- Theatrical release poster
- Directed by: K. Vijayan
- Screenplay by: Aaroor Dass (dialogues)
- Based on: Kasam Paida Karne Wale Ki by Babbar Subhash
- Produced by: Suresh Balaje
- Starring: Kamal Haasan; Madhavi; Sathyaraj; Sujatha;
- Cinematography: Diwary
- Edited by: D. Vasu
- Music by: Shankar–Ganesh
- Production company: Sujatha Cine Arts
- Release date: 21 September 1985;
- Country: India
- Language: Tamil

= Mangamma Sabadham (1985 film) =

Mangamma Sabadham is a 1985 Indian Tamil-language masala film, directed by K. Vijayan and produced by K. Balaji, starring Kamal Haasan, Sujatha, Madhavi and Sathyaraj. It is a remake of the 1984 Hindi film Kasam Paida Karne Wale Ki.

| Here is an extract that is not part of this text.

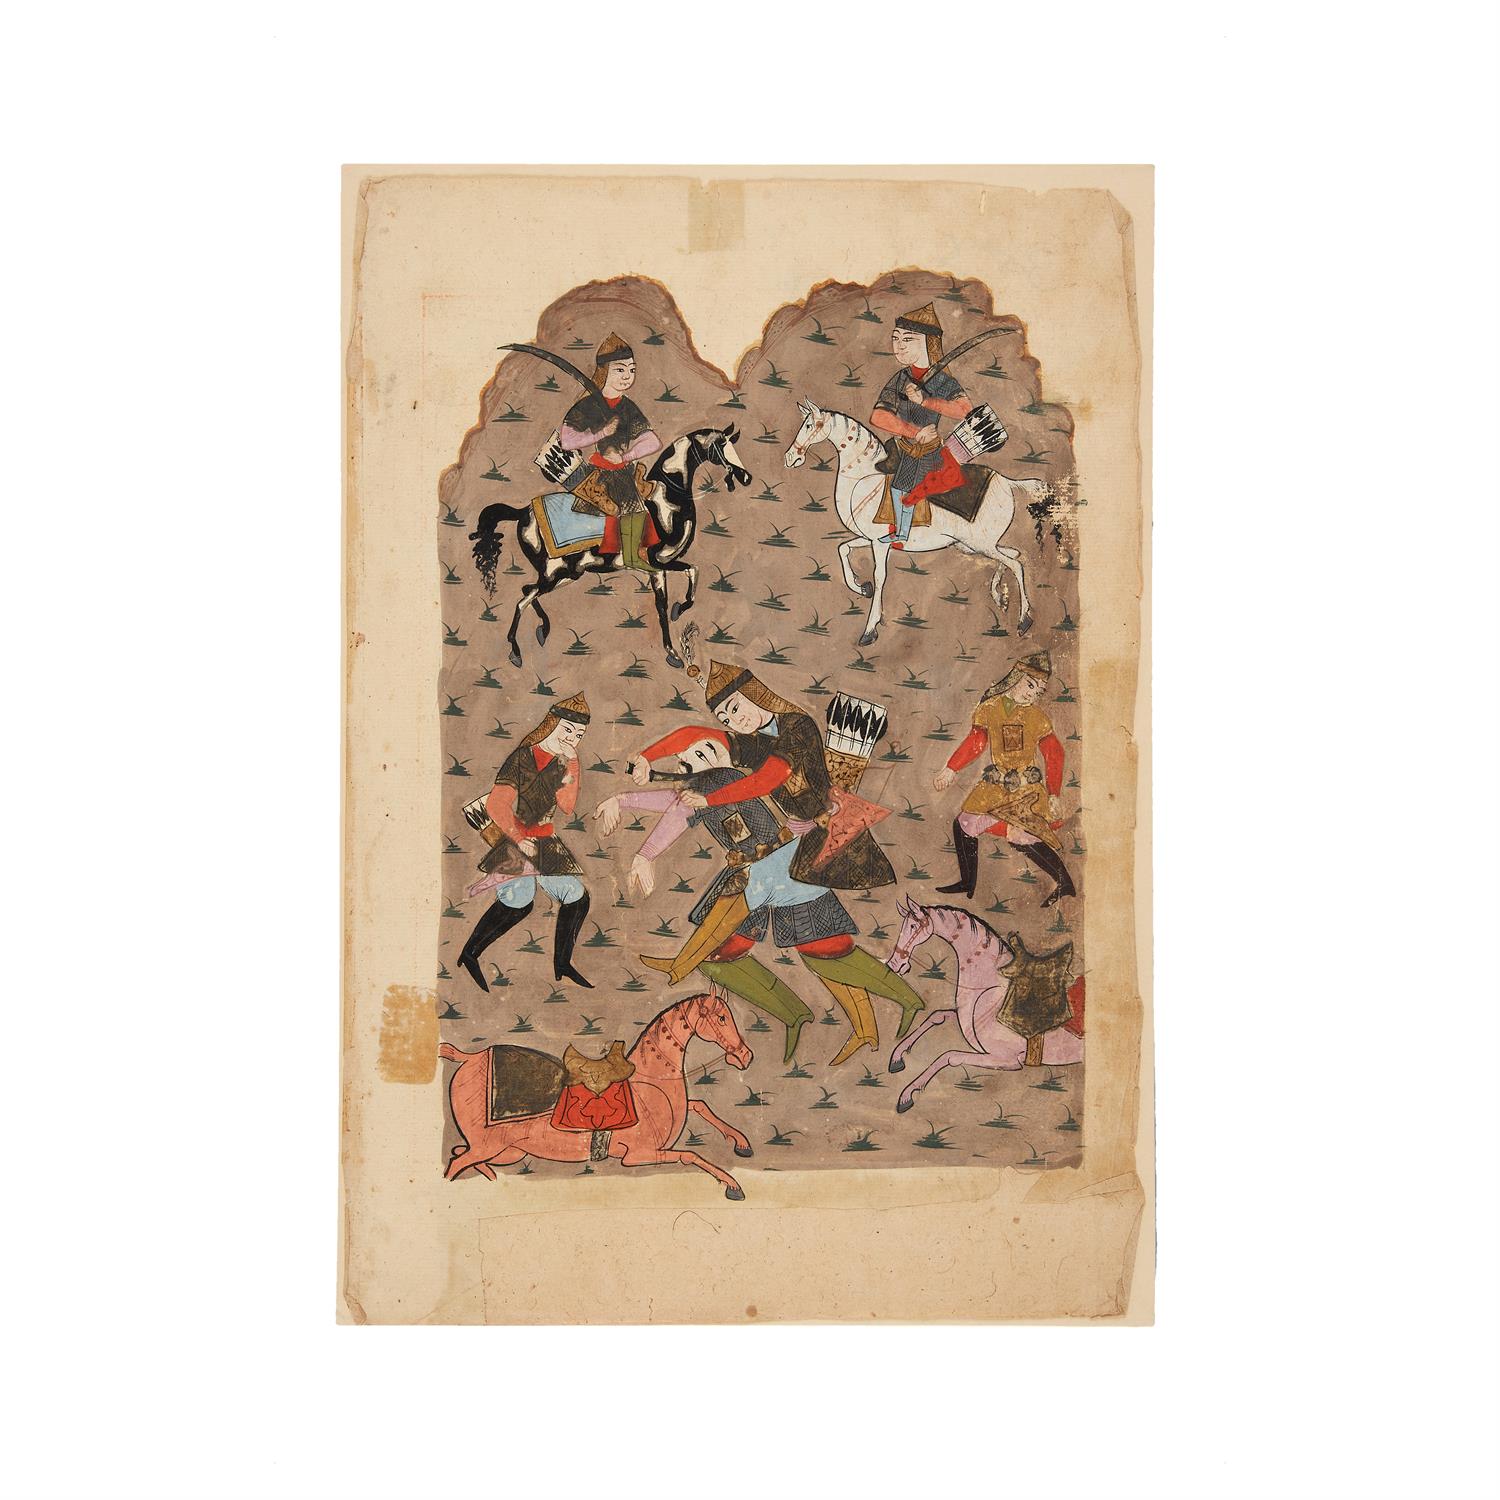 Three full-page illustrations from Shahnameh, miniatures on paper [India (Deccan), c. 1700] - Image 2 of 3

The film was released on 21 September 1985.

== Plot ==

Ashok is raised to be a stuttering, frightened coward by his cruel uncle Bhoopathy. When Mangamma and her cohorts learn that he is unmarried, she works her way into his mother's heart and marries him. When she learns about his ill-treatment at the hands of his uncle, his plight changes her heart and she decides to stay on. Bhoopathy reveals her initial plan of absconding with the money and drives her out. When Ashok runs to join her, Bhoopathy kills him. Mangamma is thought to be dead but she survives and raises her son Raja to be a fearless young man well-versed in fighting, dancing, etc. Once he learns the story, he, along with his girlfriend Radha, settles scores with Bhoopathy and his son Jaipal.

==Production==
The song "Cola Cola" was shot at Adyar Gate Hotel, Madras using four cameras.

== Soundtrack ==
The music was composed by Shankar–Ganesh. For the Malayalam-dubbed version Randum Randum Anchu, all lyrics were written by Poovachal Khader.

Tamil tracklist
| No. | Title | Lyrics | Singer(s) | Length |
|---|---|---|---|---|
| 1. | "Cola Cola" | Vaali | Vani Jairam & Chorus | 4:44 |
| 2. | "Sorgathin Vaasal" | Pulamaipithan | S. P. Balasubrahmanyam, Vani Jairam | 5:53 |
| 3. | "Ootthikka Raasa" | Pulamaipithan | S. P. Balasubrahmanyam, Vani Jairam & Chorus | 4:11 |
| 4. | "Thaai Sathyam" | Vaali | S. P. Balasubrahmanyam & Chorus | 4:08 |
| 5. | "Adey Udambellam" | Vaali | Vani Jairam | 5:20 |
| 6. | "Instrumental Tunes (Adey Udambellam)" |  |  | 5:26 |
| 7. | "Instrumental Tunes (Sorgathin Vaasal)" |  |  | 6:00 |
| 8. | "Cola Cola" | Vaali | Vani Jairam & Chorus | 4:47 |
| Total length: |  |  |  | 40:29 |

Malayalam tracklist
| No. | Title | Singer(s) | Length |
|---|---|---|---|
| 1. | "Cola Cola" | Vani Jairam |  |
| 2. | "Manassilore" | P. Jayachandran & Chorus |  |
| 3. | "Panthalathil" | Vani Jairam |  |
| 4. | "Swargathin Vaathilinnu" | K. J. Yesudas, Vani Jairam |  |
| 5. | "Thumbikko" | P. Jayachandran, Vani Jairam |  |

== Reception ==
Jayamanmadhan of Kalki appreciated the film for Haasan and Sathyaraj's performances in the first half, but the post-interval portions were like a jeep running on railway tracks.